I know it isn't rational. He didn't see it coming. He would have put up a valiant fight as he always did if anything went wrong. He fought for so many years and just when things were going right. Just when we finally were going to start a family like we hoped after so many tries and so many years, something has to go wrong. I know it isn't his fault and it can't be, but I don't know what to do now. Everything is so blurry. I can't go a day without a tear. Reporters are making everything worse, and there is the constant burden of our child. What am I supposed to tell it? How do I describe John and everything about him so his child will understand? How do I get through this without his help? I don't even know if I can support a baby, or work with a baby. Even worse, I don't know how i'm supposed to live without him.
I know I never wanted to be this emotional wreck. I know John would have wanted me to keep on with my life and push on, for the baby if nothing else, but he was my first love. The only man to love me for something other than what I was. He was my first friend, the reason I have my job, my protector, my rock, and it's so hard to imagine that i'll never see him again; that i'll never wake up to find him besides me smiling every morning, or that he won't be their to hold our first baby.
I can't even visit his grave either. They never found the body. That's the worst of it. I know it would be best just to remember him as he was, but I want to see him so badly. I want to have a place where I can at least visit him and not just a stone with his name on it. The bastards that killed him didn't even leave me a place where I can take my child to see who his father was and how brave he was.

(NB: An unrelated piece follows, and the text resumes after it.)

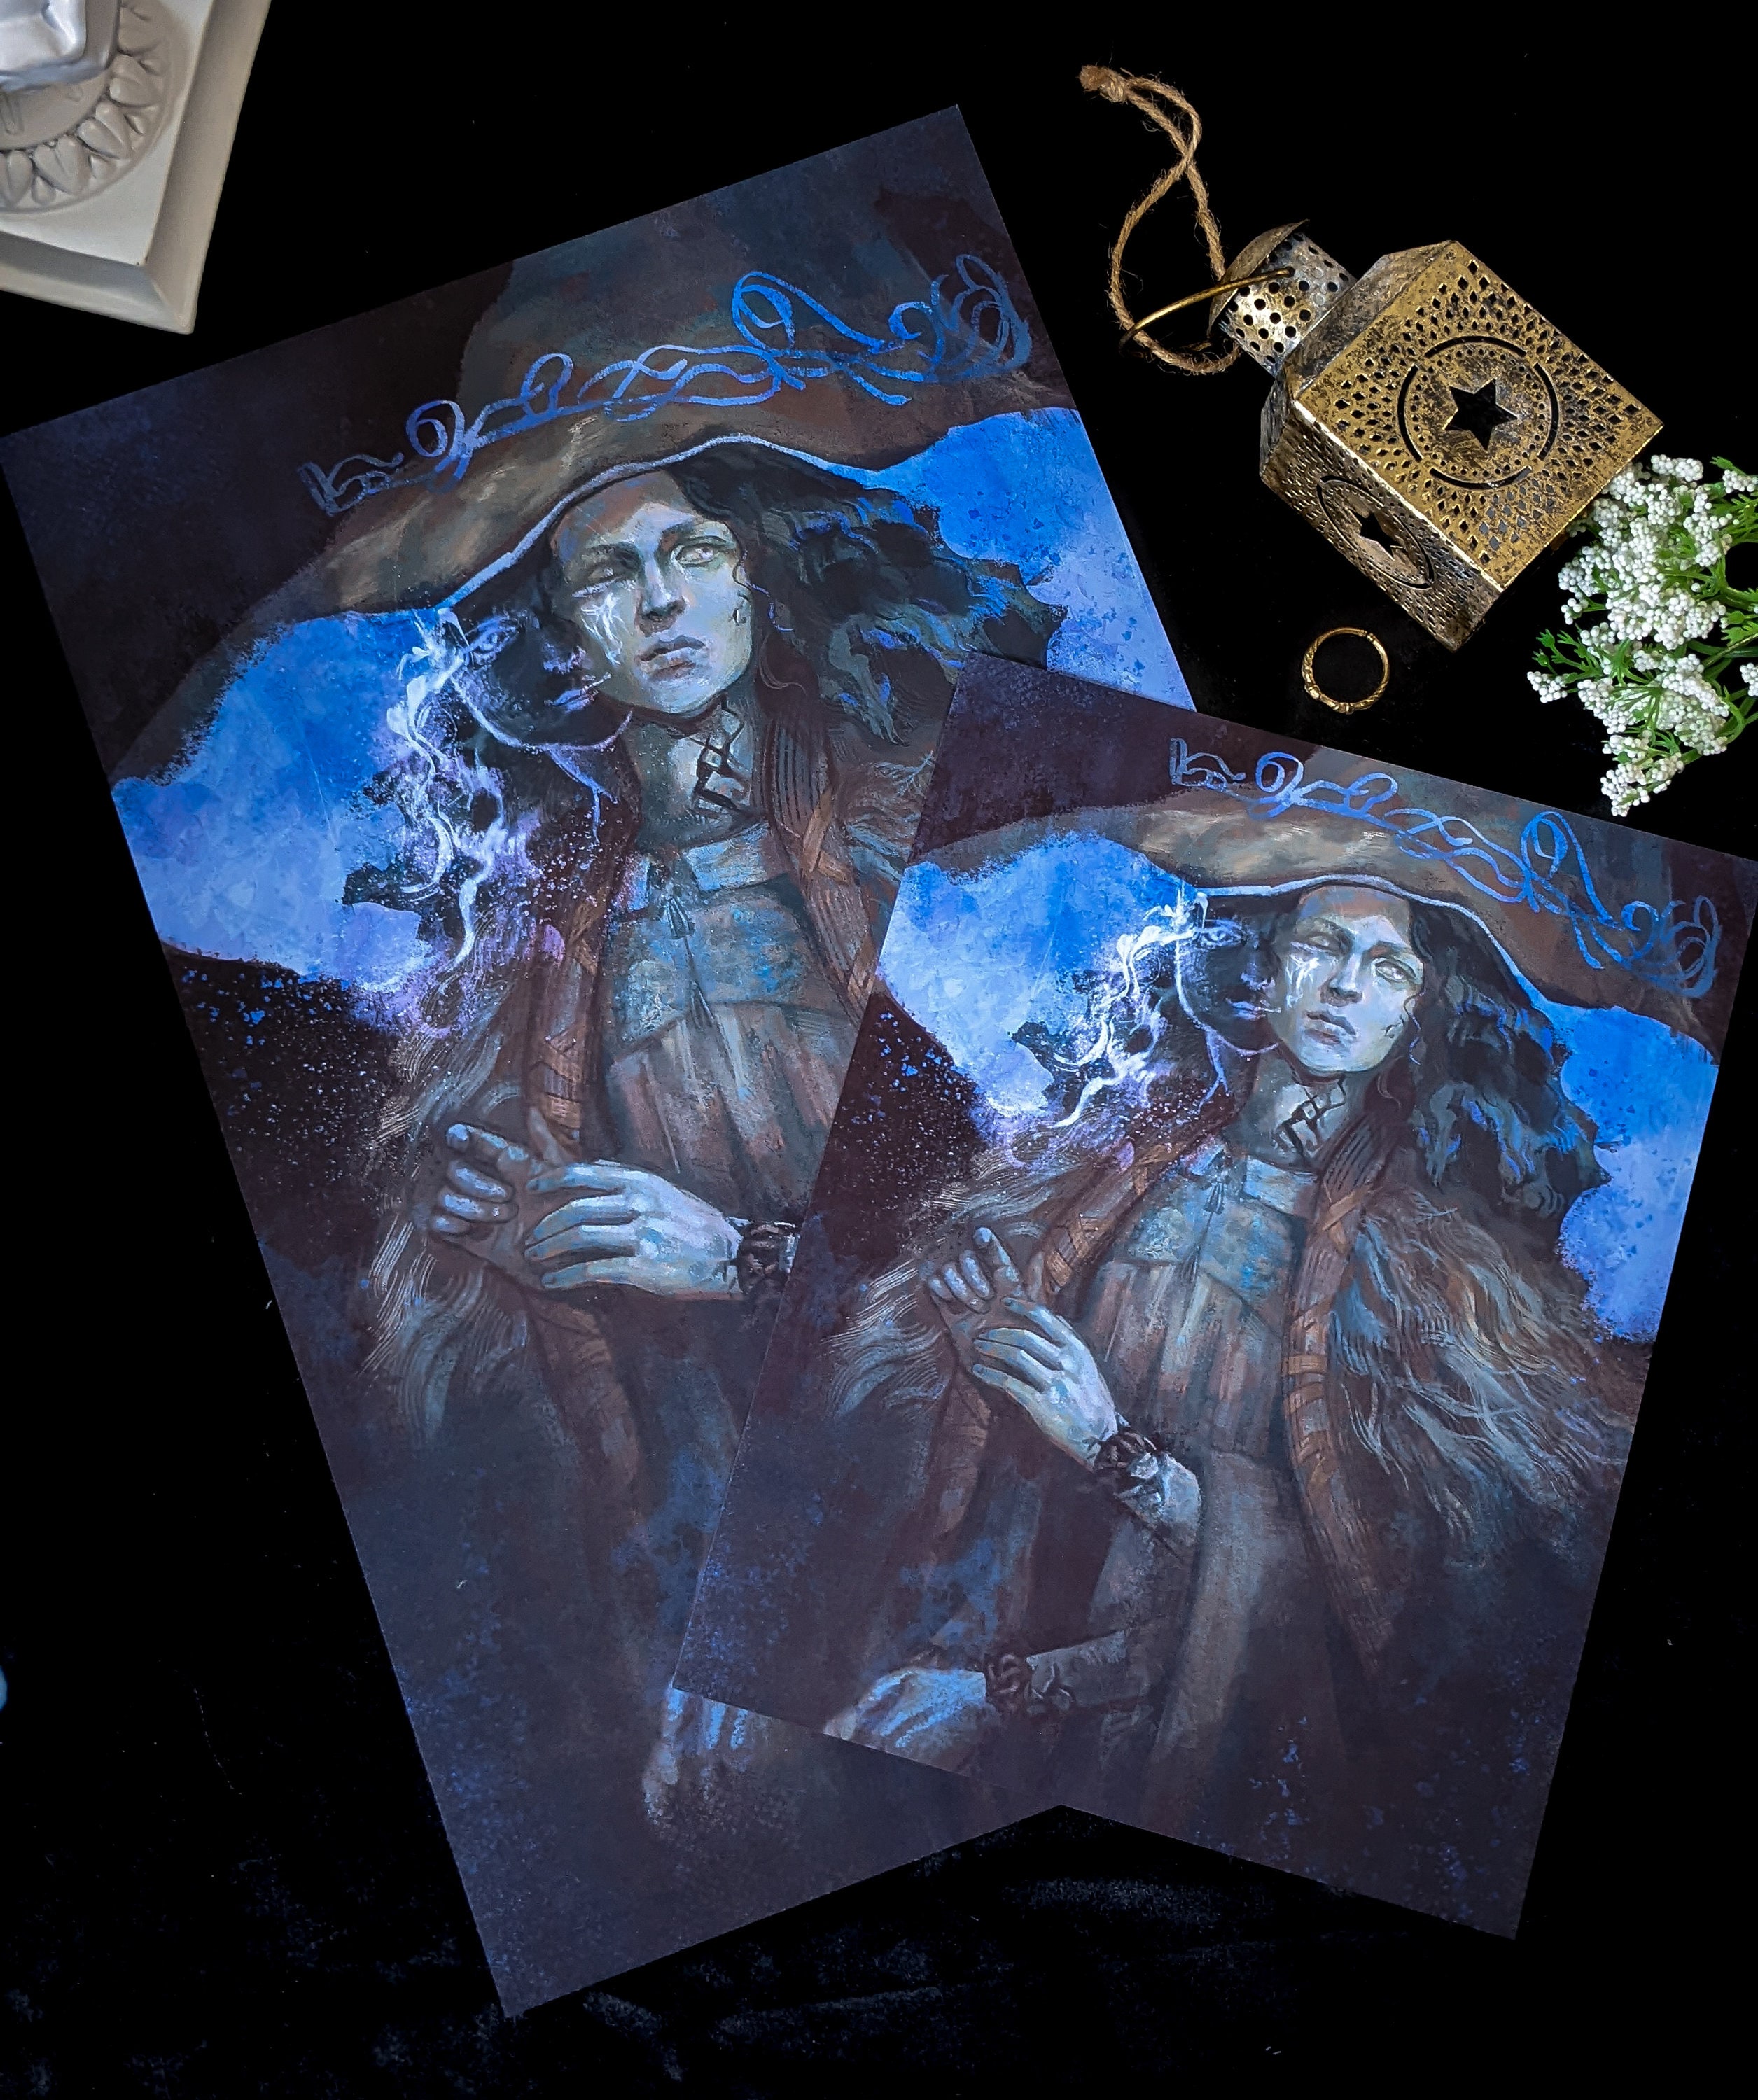  Ranni Fan Art Witch Poster Canvas Prints Wall Art For Home 1  panels Decorations With Framed 36x20: Posters & Prints

I don't know what i'm going to do. Even what help everyone is offering my isn't really helping. I just feel numb. It's like my heart was ripped out and burried where John's body couldn't be. The worst part is I don't even feel sad when I cry now. Just numb. Numb to everything. It's like life is a void. The only thing I can feel is the little piece of John I have left inside me growing everyday, and with it a little more of my worry and a little more of a reminder of how much I miss him and how shattered my heart truely is.